A random-effects model assumes a different underlying effect for each study that compares the same treatments and takes this into consideration as an additional source of variation by considering a normal distribution for each treatment effect. However, the validity of this assumption may be difficult to verify, especially when the number of studies is small. When the results of small studies are systematically different from those of the large ones, the normality assumption is not justified either.

The choice of either a fixed- or random-effects model must be based on the convergence (if only one model converges, it should be selected), the presence of study heterogeneity (random-effects models must be prioritized if there is heterogeneity), and the deviance information criterion (DIC), which is a statistical criterion estimating the quality of a statistical model.

3.5.2. Frequentist Versus Bayesian Approach

The ITC techniques described are based on similarity and consistency assumptions that adhere to Bayesian or frequentist statistical approaches. A Bayesian framework assumes a prior knowledge of probability models, while the frequentist approach derives probability from the frequency of events occurring over a number of repeated trials.

The Bayesian approach combines a prior probability distribution with a likelihood based on the available data. This results in a posterior probability distribution from which relative effect estimates can be obtained. Results can, therefore, be interpreted in terms of probabilities, and expressed as a posterior distribution from the mean, median, standard deviation and 95% credibility interval (CrI) can be derived [17,33,49,50,51,52]. The ranking of a treatment can also be interpreted by either the proportion of iterations for the order in which treatments are ranked or the probability of one treatment to perform better than each comparator. Considerable uncertainty remains around the value of a between-study heterogeneity parameter by using a noninformative prior in a small or sparse network. A potential solution for this is to use more informative priors for between-study heterogeneity.

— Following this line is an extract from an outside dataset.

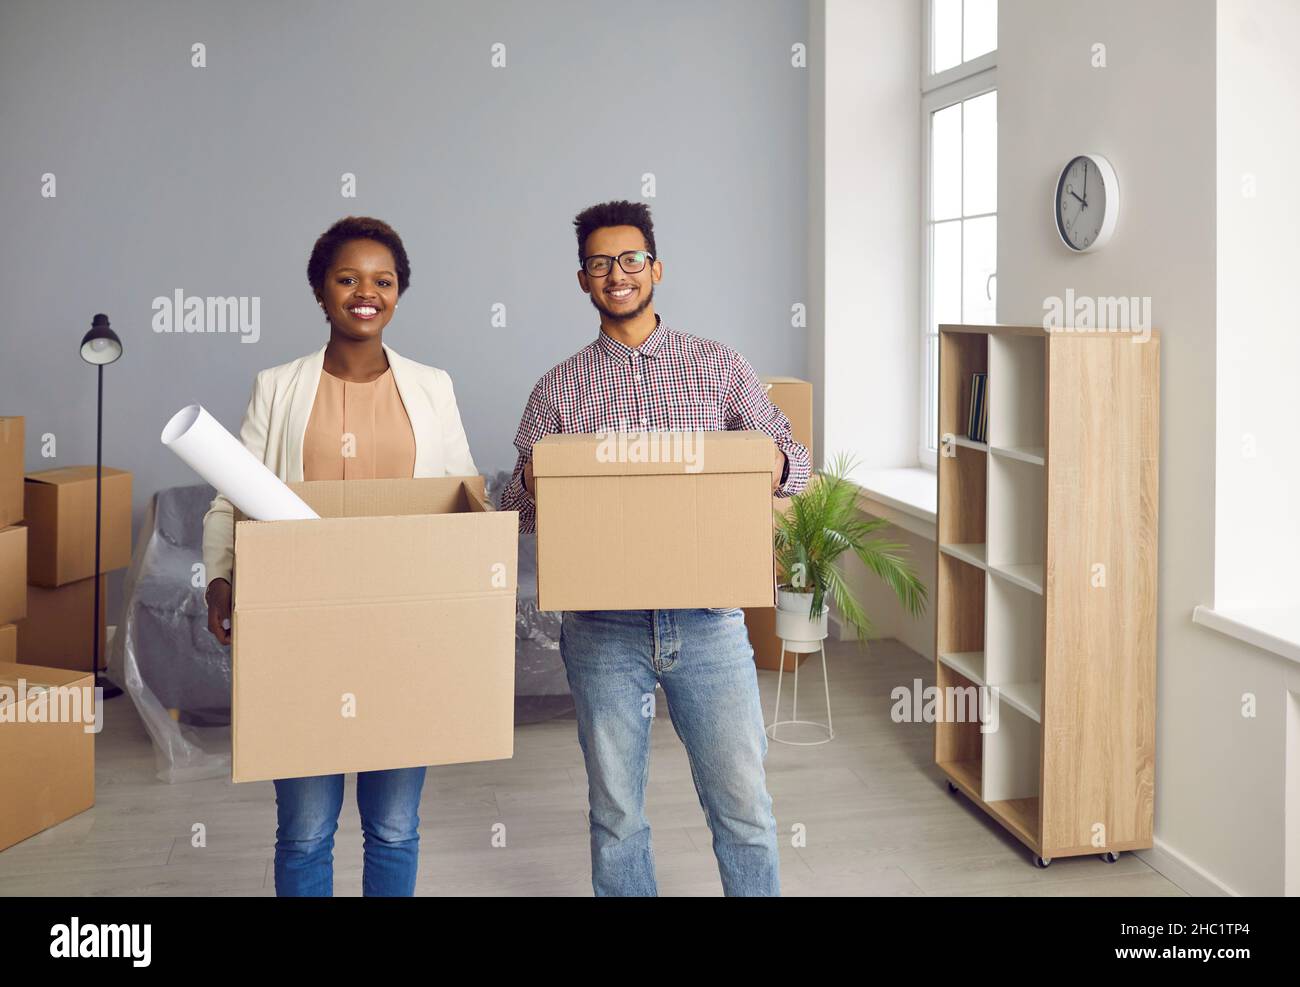 Glückliches, lächelndes junges Paar, das in ein neues Haus zieht und Kartons zusammen trägt Stockfoto

In contrast to the Bayesian approach, in a frequentist framework, the parameter of interest is fixed. A frequentist approach uses the sampling distribution as the basis of statistical inference that is proportional to the likelihood function. Uncertainty around heterogeneity is usually ignored in the calculation of CIs. Results are expressed as point estimates, standard errors, 95% CIs, and p-values. Unlike the Bayesian approach, there is generally no ranking of treatments in frequentist NMA, even though work has been conducted by Rücker et al. (2015) to make this possible [13,53].

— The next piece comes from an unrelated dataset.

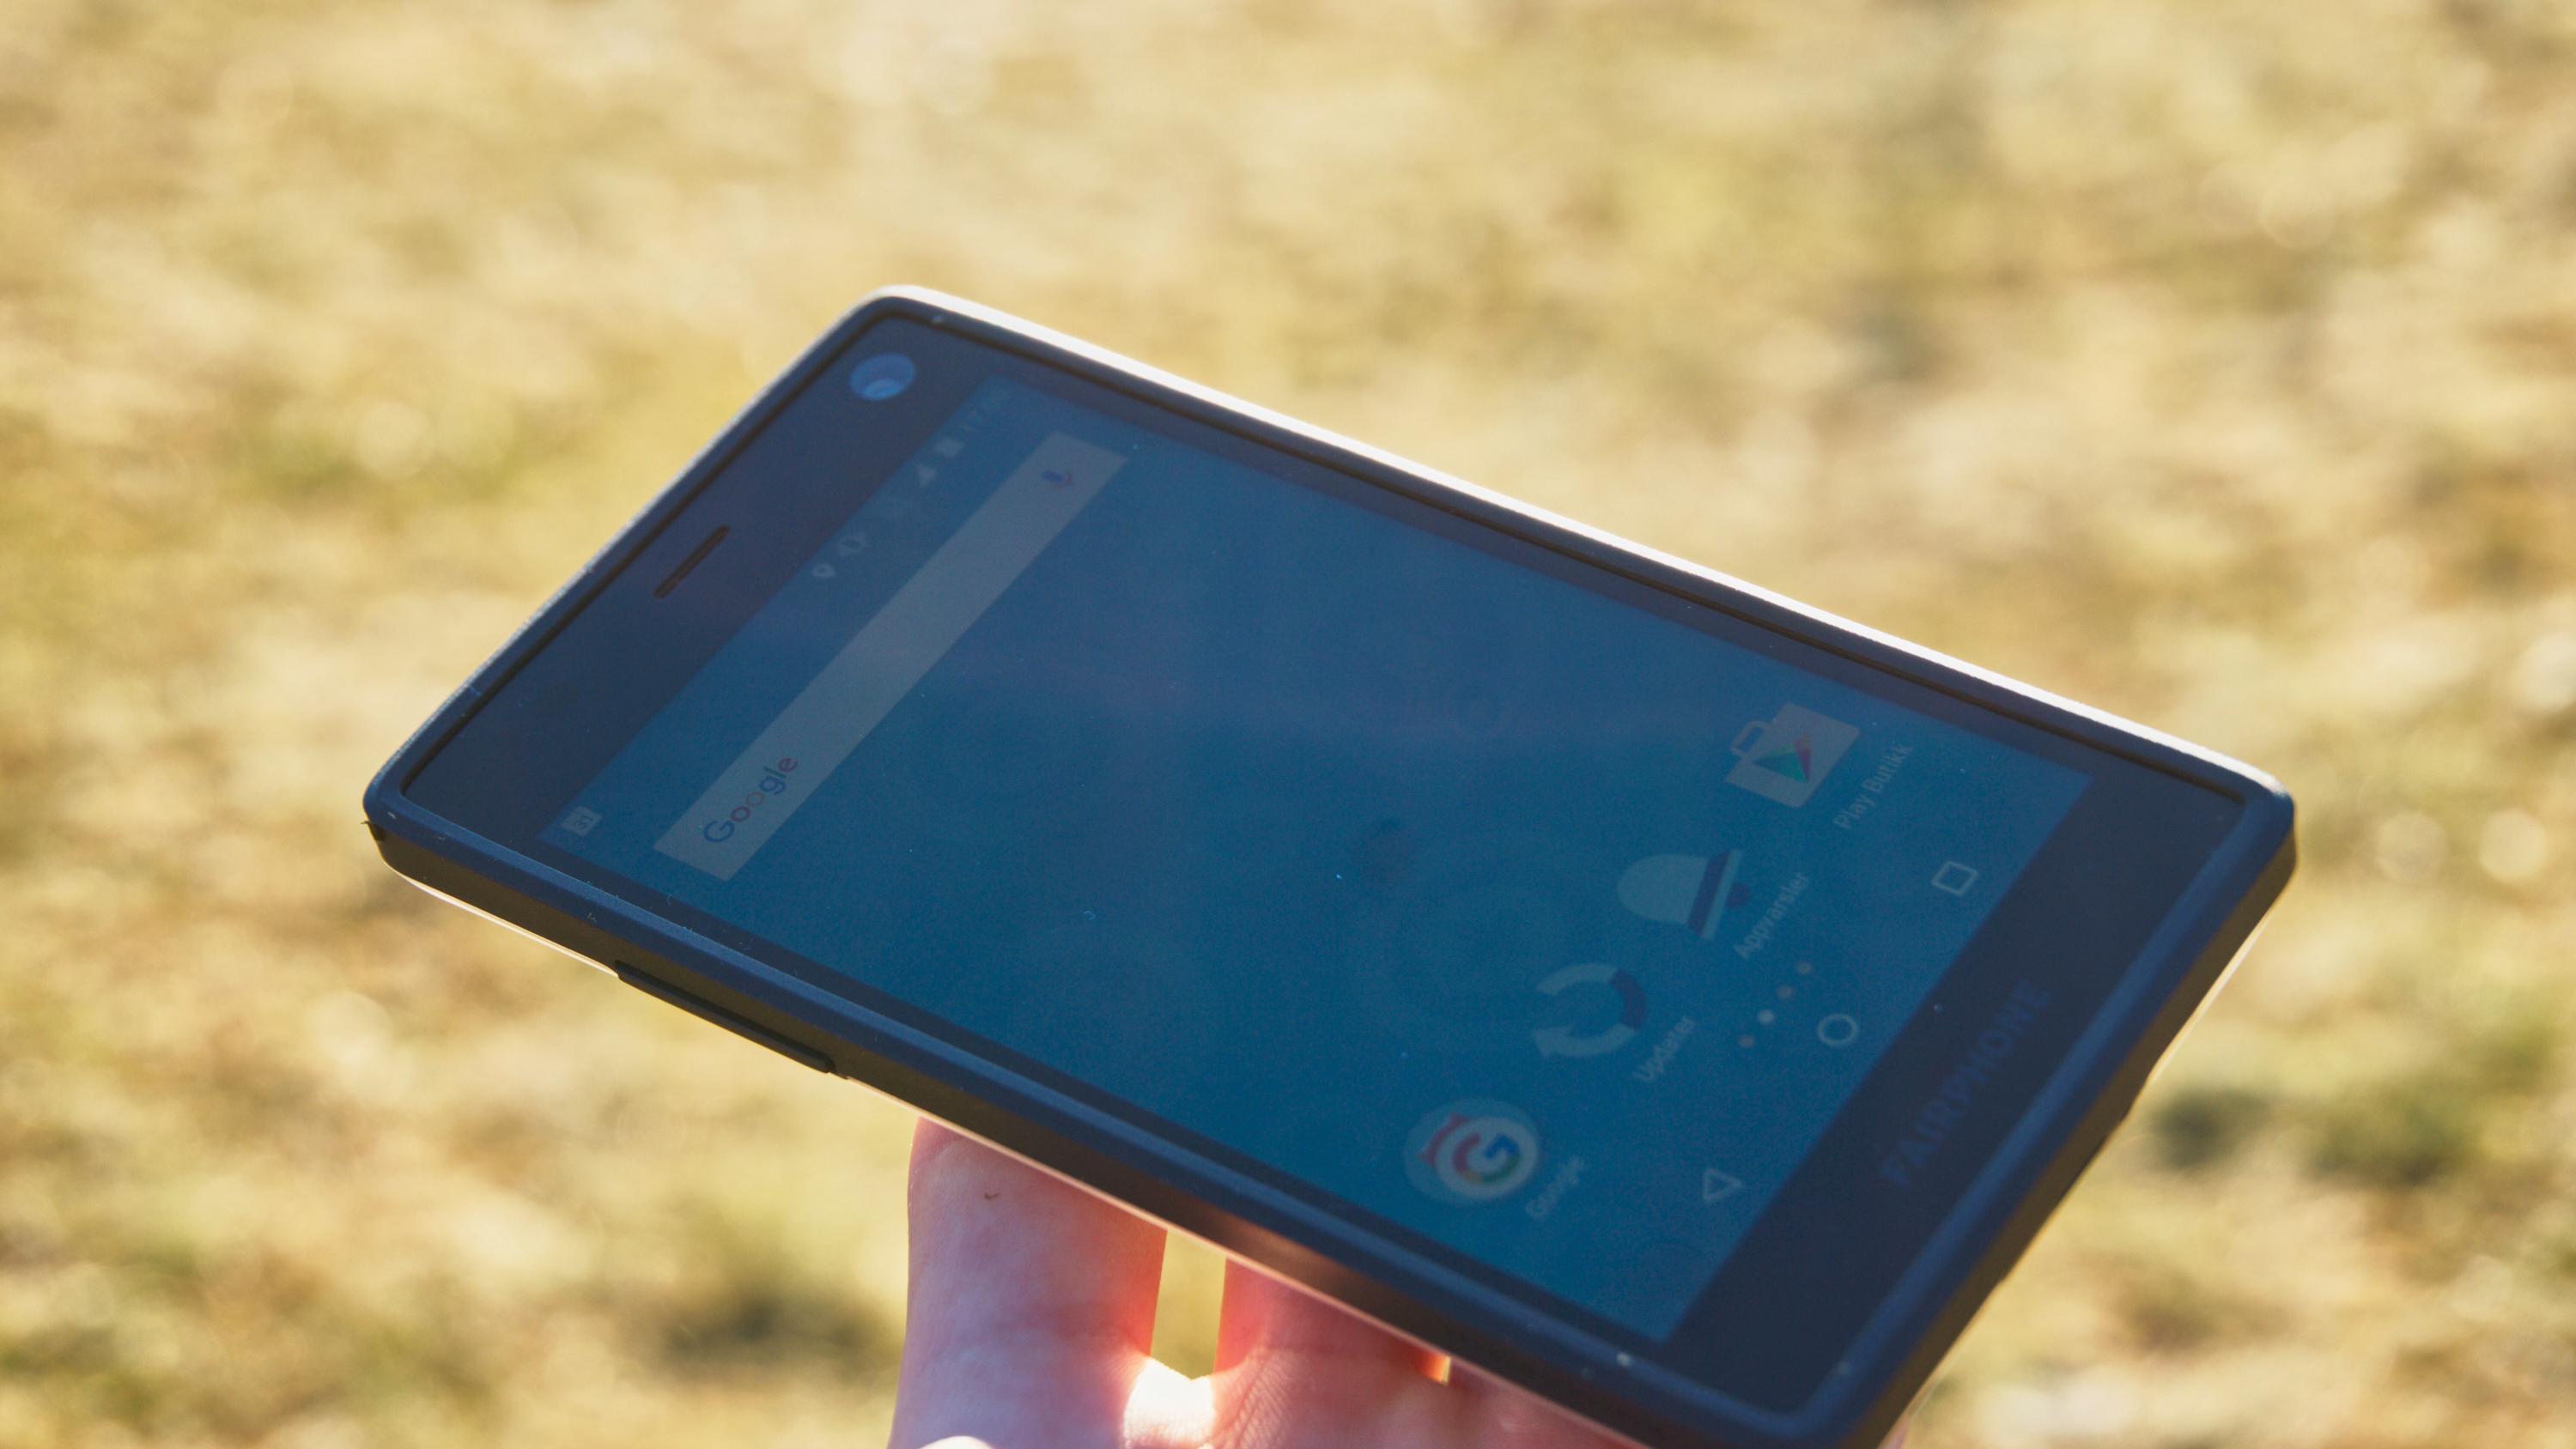 Skjermen er god, og kan fint leses i sollys. Den kan imidlertid ikke måle seg med eksempelvis skjermen i Samsungs nye toppmodell, Galaxy S7.

A Bayesian approach might be preferred to a frequentist approach as, for example, it allows for incorporation into the random-effects model of between-study heterogeneity, including a prior distribution for it. The main differences between the Bayesian and frequentist approaches are summarized in Table 4.

3.6. Choice of ITC Techniques

A comparison of the methods for the principal ITC techniques identified in this SLR is presented in Table 3.

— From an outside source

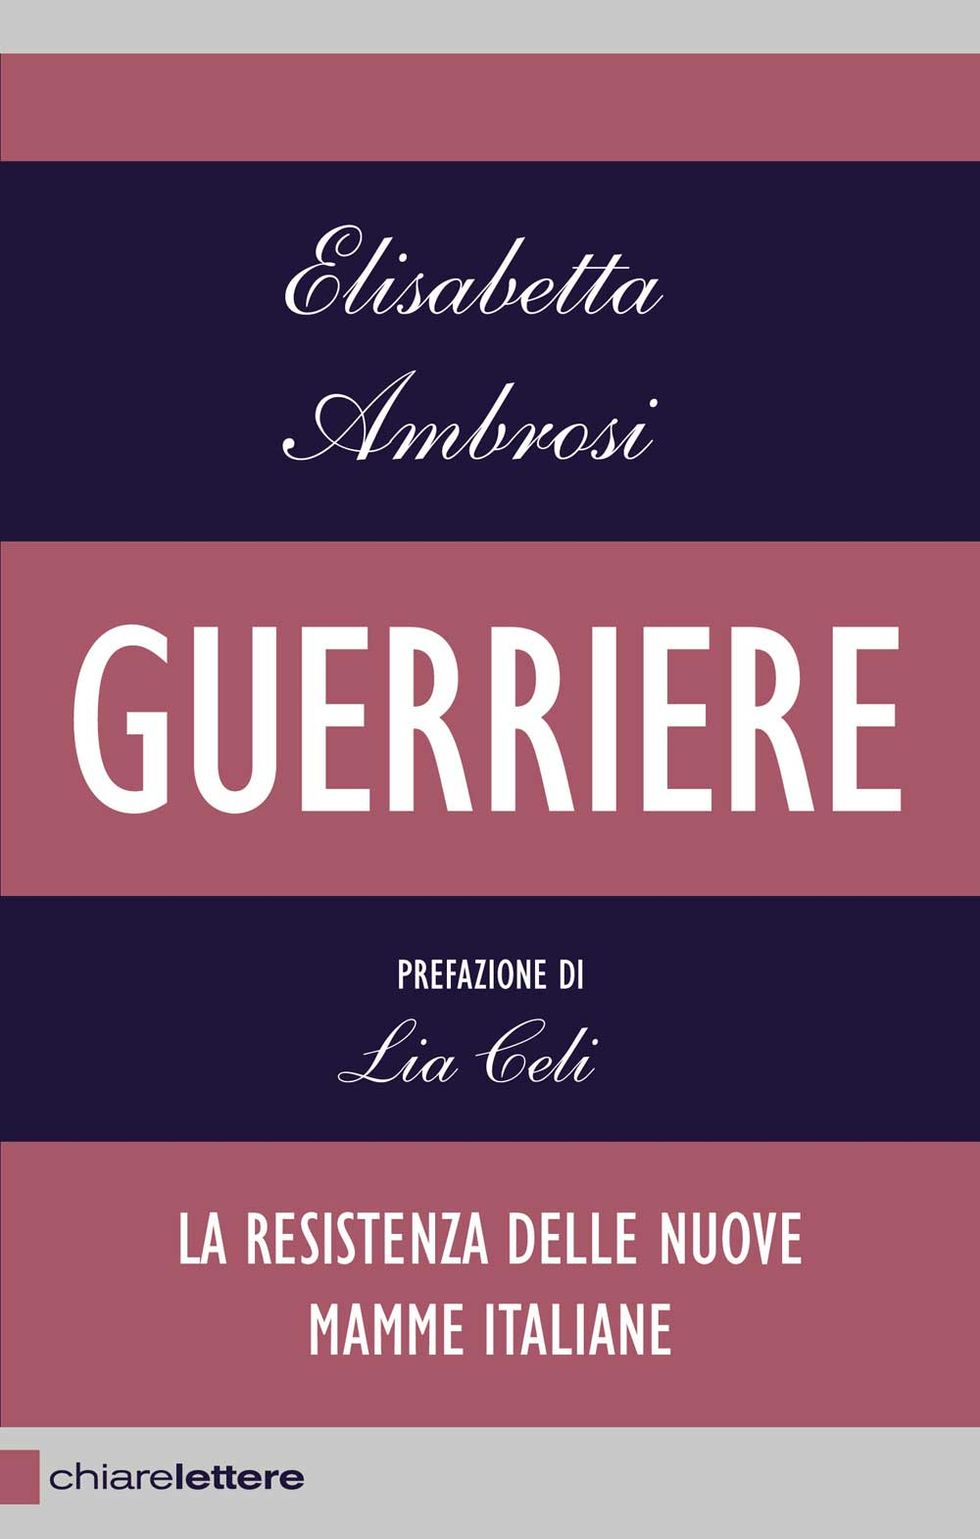 Elisabetta Ambrosi, "Guerriere": la resistenza delle nuove mamme

The availability of the literature that supports decisions around the most appropriate choice of ITC techniques is poor. The findings of this SLR were used to develop an algorithm to help to define the best approach when conducting a feasibility assessment of an ITC [10,54,55]. The choice of ITC technique is critical and should be based on the feasibility of a connected network, the evidence of heterogeneity between and within studies (that arise with the presence of unbalanced TEMs), the overall number of relevant studies and the availability of IPD. The feasibility assessment then informs the type of ITC technique that is feasible. Based on the evidence collected, a proposed decision making process for determining the most appropriate methods to use when conducting an ITC is summarized in Figure 4.

4. Discussion

A number of different ITC techniques were identified in the literature, each supported by differing methodologies. An SLR must typically be conducted as the first step for any ITC in order to identify all available studies of interest. The robustness of any ITC depends on the studies upon which it is based, and as such, it is important to assess clinical heterogeneity, consistency and the validity of any included studies.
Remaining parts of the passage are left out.